Безликость комнаты нарушилась: кресло с выгнутой спинкой куталось в Никину куртку, маленькая сумка рассматривала в зеркале своего двойника, большая гостеприимно распахнула молнию.

— Вот ещё, — пробурчала транзитная пассажирка Подгурская, — приручать надо стены, в которых живёшь, а не гостиницу.

После ванны необоримо потянуло в сон. Она поставила заряжаться телефон и компьютер и буквально вползла под одеяло. Возвращение в Европу; я почти дома.
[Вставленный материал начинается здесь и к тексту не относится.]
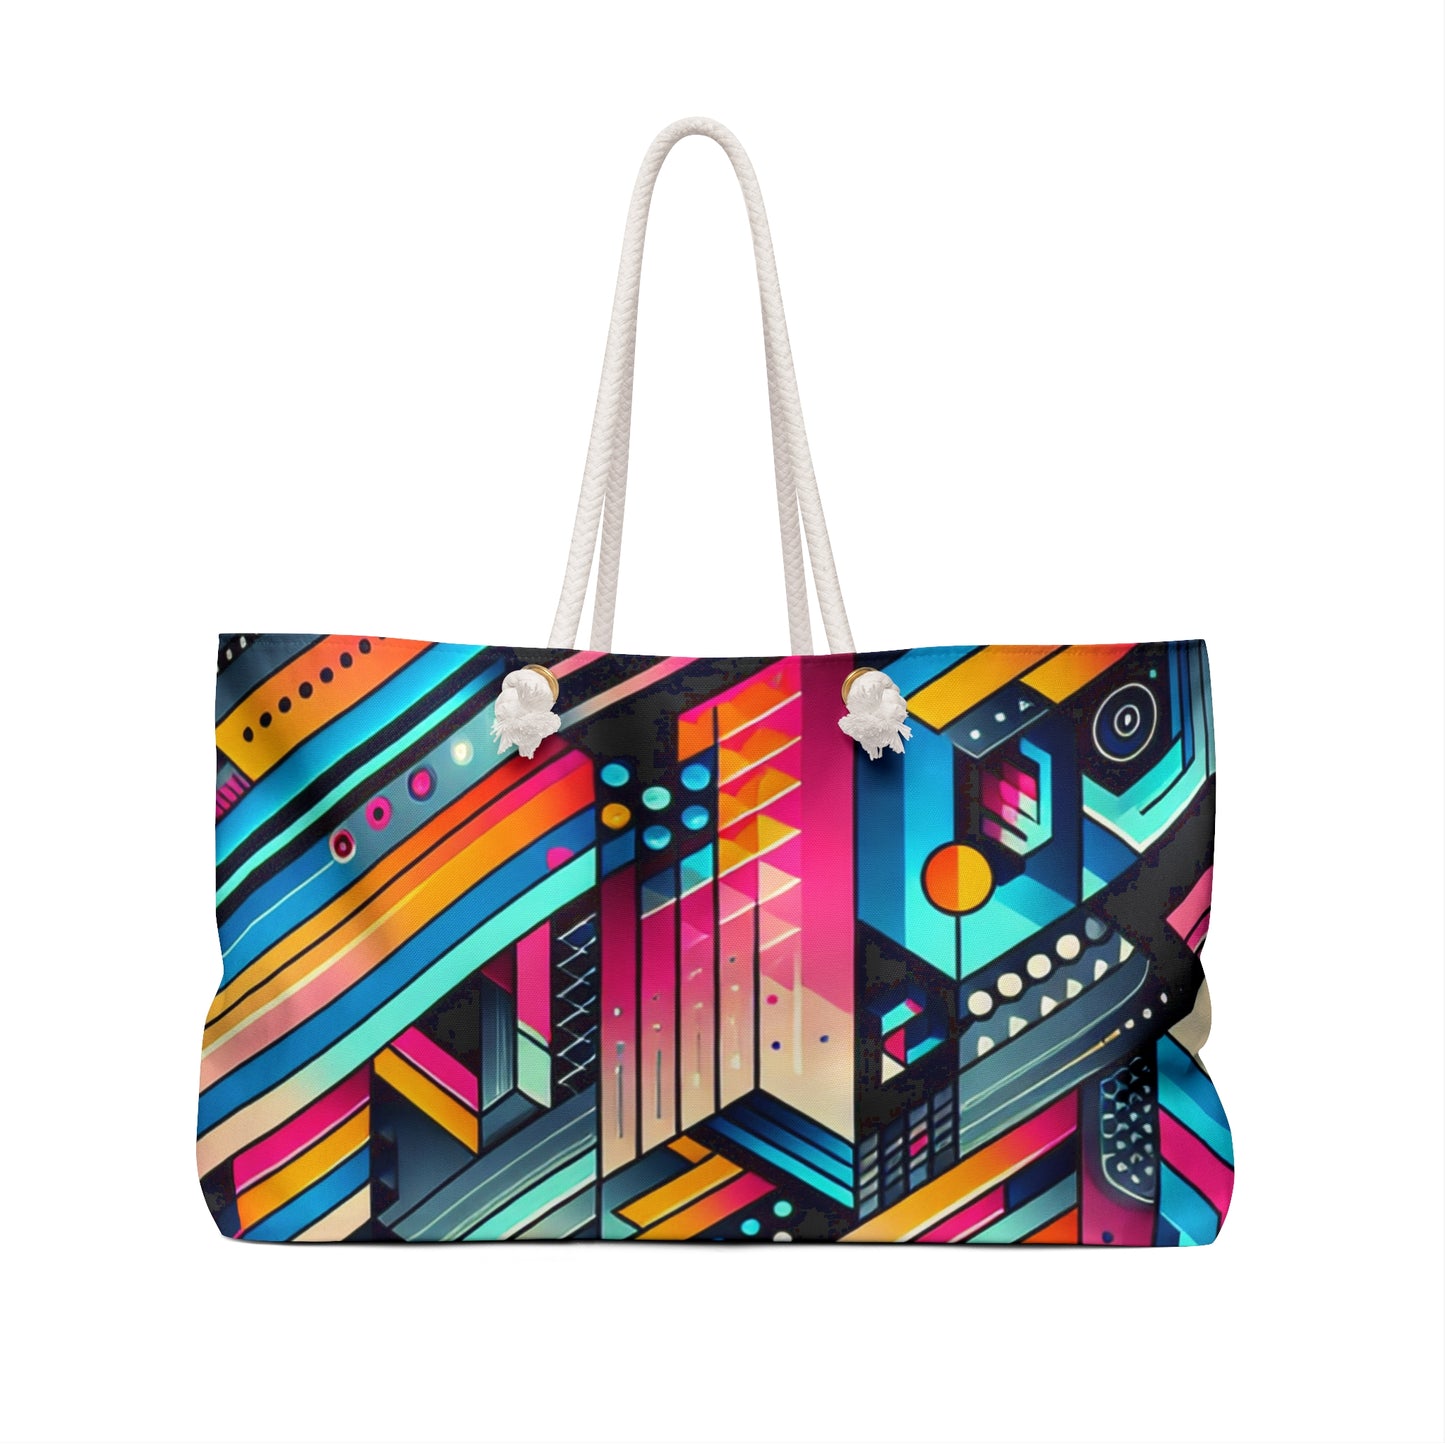 Neon Geometry - The Alien Weekender Bag Digital Art Style

В Городе первым делом приходила к старому дому. В этот раз они с Аликом придут вместе. Он уже ждёт её на углу: худой, в строгом костюме, с модно обритой головой, похожий одновременно на бармена и на делового парня, только без компьютерной сумки. Потянулся к ней: ну, здравствуй, сестрёнка, долго же ты собиралась, и потянул за руку. Название улицы поменялось, а дом остался прежним. Парадная дверь заперта. Мы пойдём через двор, улыбнулся брат. В коридоре было темно, ладонь липла к сыроватым тусклым перилам. Смотри, девятка всё так же болтается, засмеялся Алик. Он вытащил из кармана погнутый гвоздь и вставил в скважину. — Что ты делаешь, там ведь чужие люди живут!И мы чужие, — брат уверенно распахнул дверь. — Я всегда ношу его с собой, — он поднял в руке гвоздь, — и мы всегда тут жили и будем жить. Заходи, там никого нет, — он отступил на шаг, — я пока Вовку проведаю.

Ника обернулась. Алик спускался по лестнице только выглядел иначе: сутулый обрюзгший старик, редкие седые волосы на затылке слежались от подушки, спину крест-накрест перечёркивали подтяжки. Перед ней чернел дверной проём. Брат не возвращался; в доме стояла плотная, неподвижная тишина. Не входя Ника тихонько закрыла дверь, однако девятка перекувыркнулась и повисла качающейся шестёркой. Алик, это квартира номер шесть, — закричала она, — шесть, слышишь?

…Всё-таки девять, если верить часам.

Европа, девять часов. Утра? Вечера?

Вечера, к счастью; в Нью-Йорке день. Она всегда быстро перестраивалась на европейское время, гораздо труднее давался обратный переход. Хотелось пить — и спать, только сердце колотилось, вот-вот вырвется.

В детстве после больницы Ника часто видела сны, которые не были даже снами — в них повторялась — и продолжалась — больница но с добавкой из лёгкого абсурда, требуемого законами жанра: например, на соседней кровати лежала медсестра и громко красиво пела. Проснувшись, она видела не медсестру, а братишку, мирно спящего в нескольких шагах от неё.

…Однажды вечером ей велели идти в больничный коридор. Мама пришла?.. В коридоре стояли другие ребята, каждый с одеялом в руках. Их повели по длинному сводчатому переходу, застеклённая дверь открылась в больничный двор, их повели в другой корпус. Кирпичная дорожка была занесена снегом, и у Ники несколько раз соскальзывали в снег огромные больничные тапки. Босые ноги ничего не чувствовали, выуженные тапки были холоднее снега. Мама не узнает её и закричит: «Что вы сделали с моей дочерью?», потому что Нике отрежут обмороженные ноги, как Алексею Маресьеву. «Сюда, — медсестра пропустила ребятишек, — а ты подожди». В новом коридоре было так же холодно, как снаружи, зато можно было держаться за стенку. Теперь мама точно придёт. Огромные тапки потемнели от тающего снега, ногам стало больно. Медсестра вернулась и привела Нику в какой-то тупичок с единственной кроватью: «Ложись», — и повернулась уйти. «Завтра моя мама придёт», — объявила Ника. «Не придёт, — отрезала та, — карантин, всех послеоперационных изолировали».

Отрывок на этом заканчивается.